PROBLEM REQUIREMENTS
For this exercise, copy exactly every line from the one holding "Ballistic Electronics Technicians" through the end of the data, both included. Omit pictures.

DATA

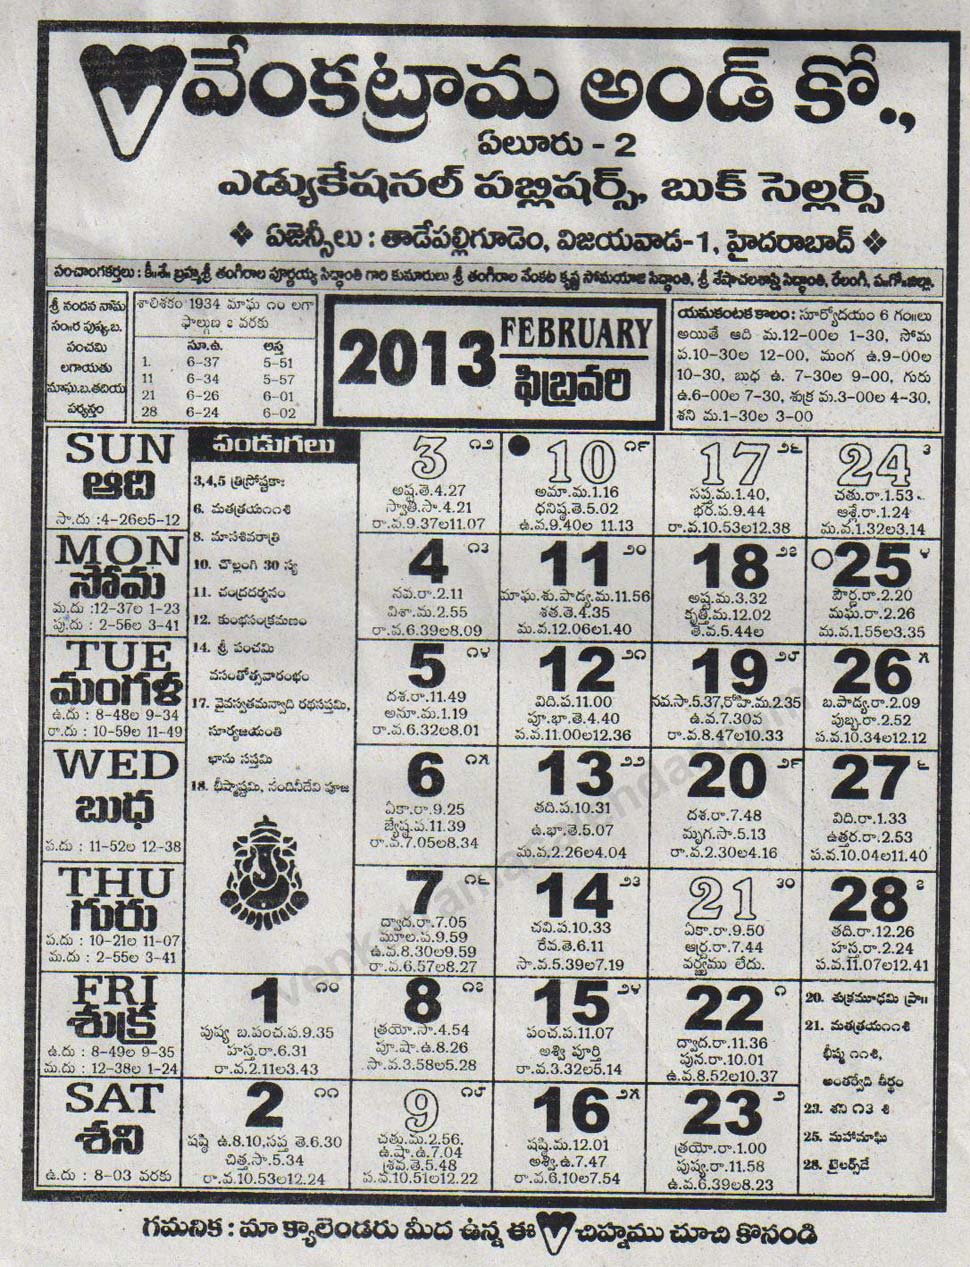 Venkatrama Co Telugu Calendar 2013 February Venkatrama Telugu
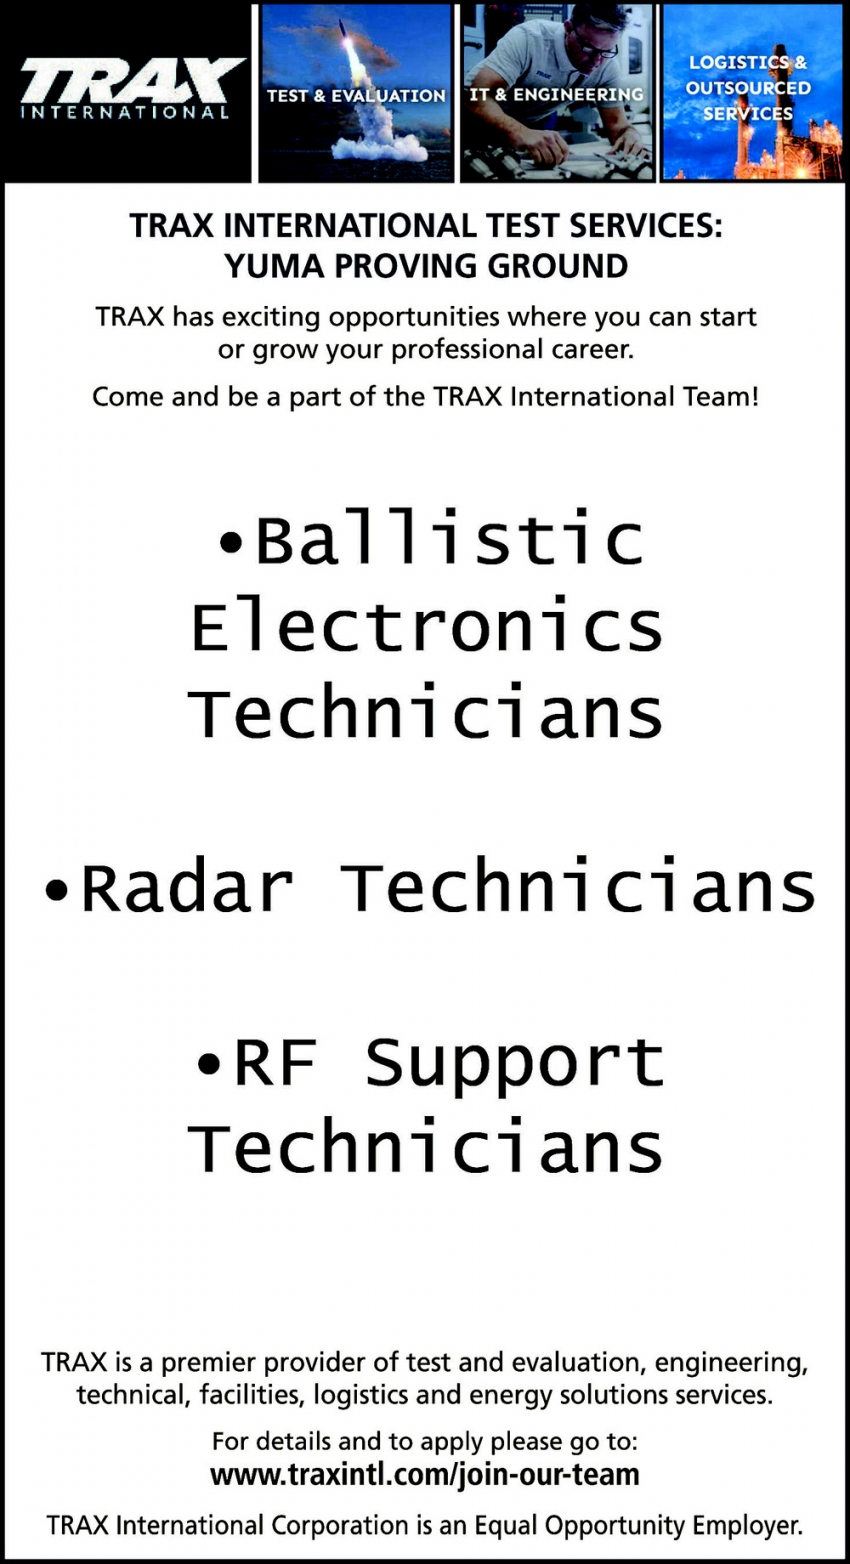 Ballistic Electronics Technicians
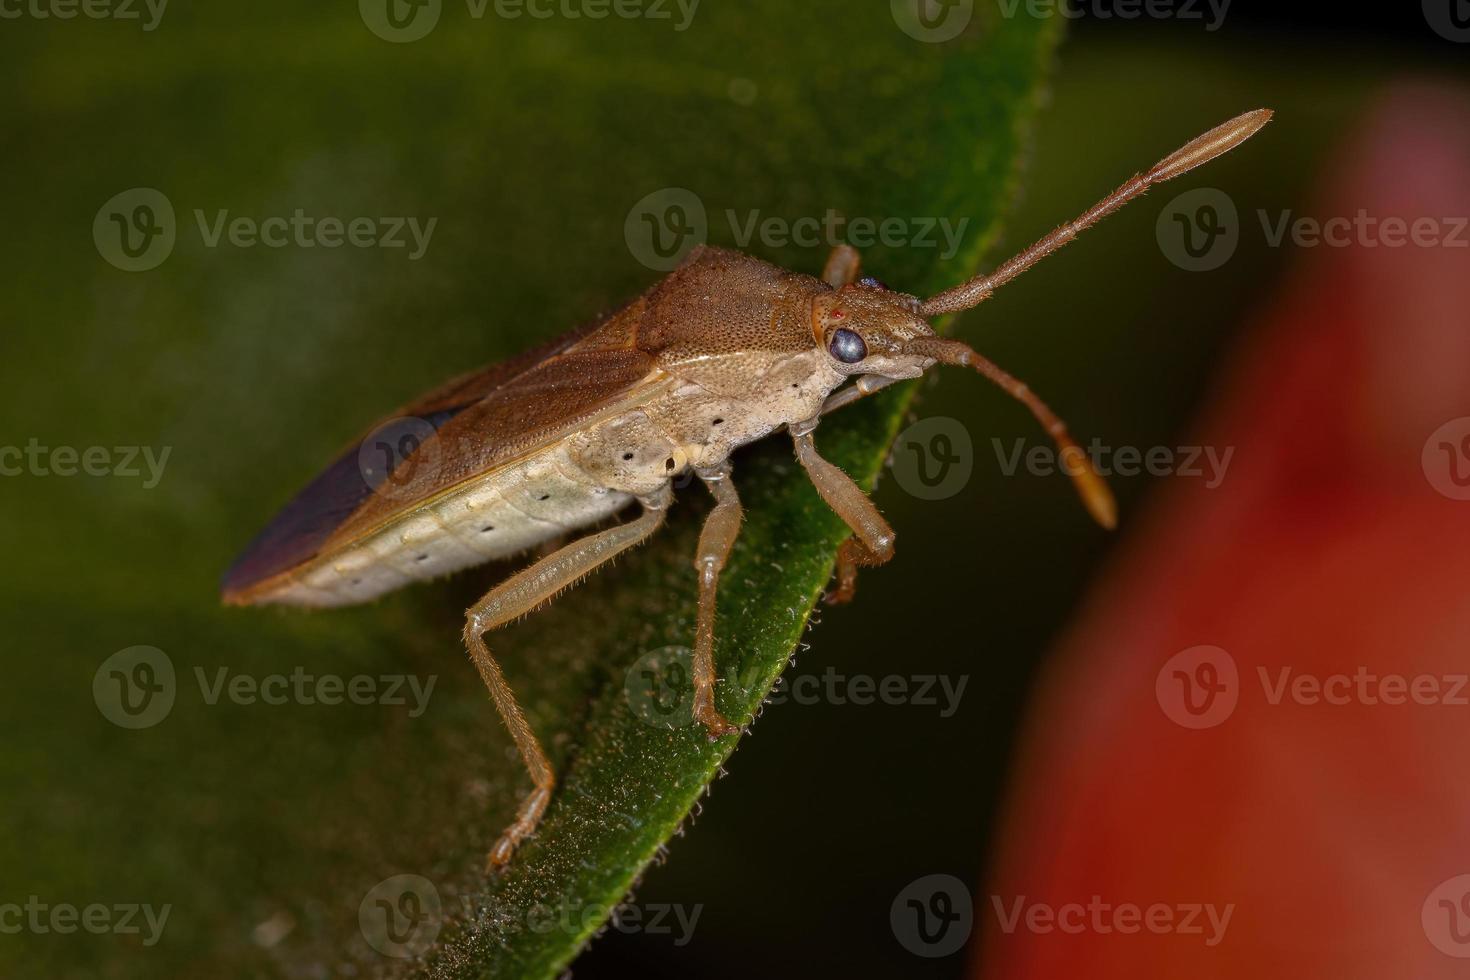 vuxen bladfotad insekt foto
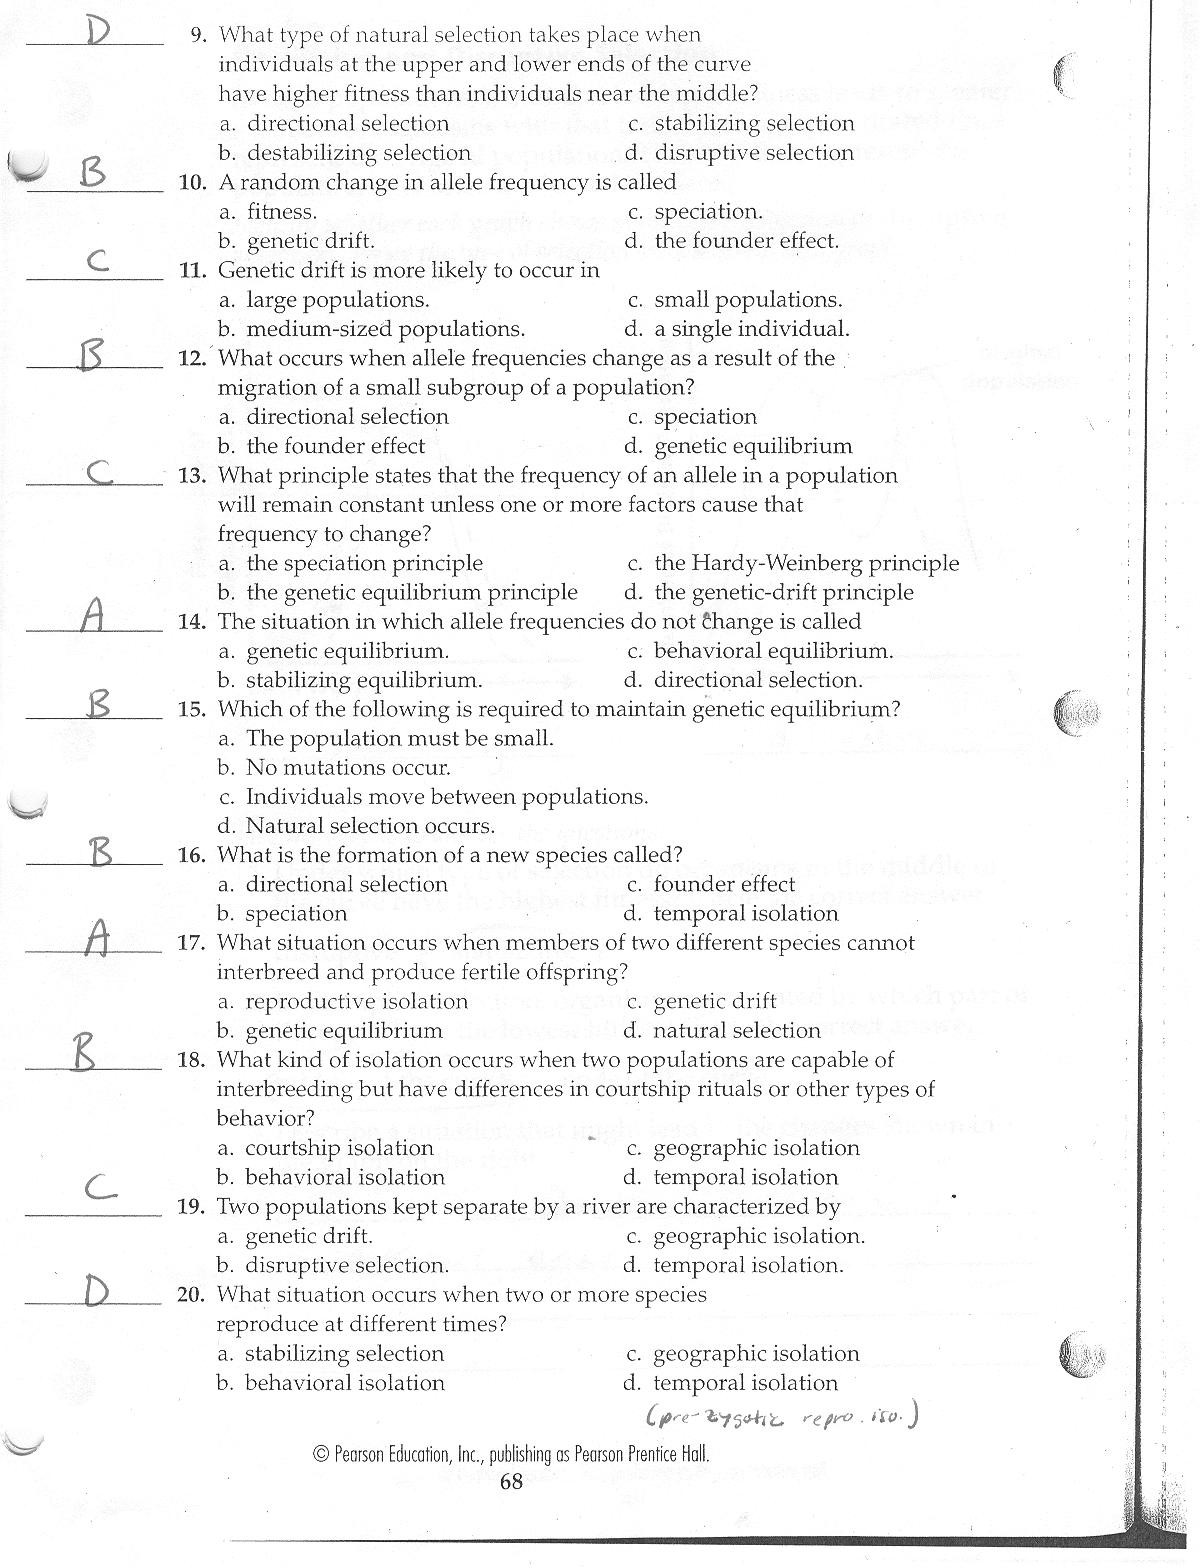 Meiosis Worksheet Vocabulary Answers Straubel Biology 2010 2011

ANSWER BOX
 Ballistic Electronics Technicians
 vuxen bladfotad insekt foto
 Meiosis Worksheet Vocabulary Answers Straubel Biology 2010 2011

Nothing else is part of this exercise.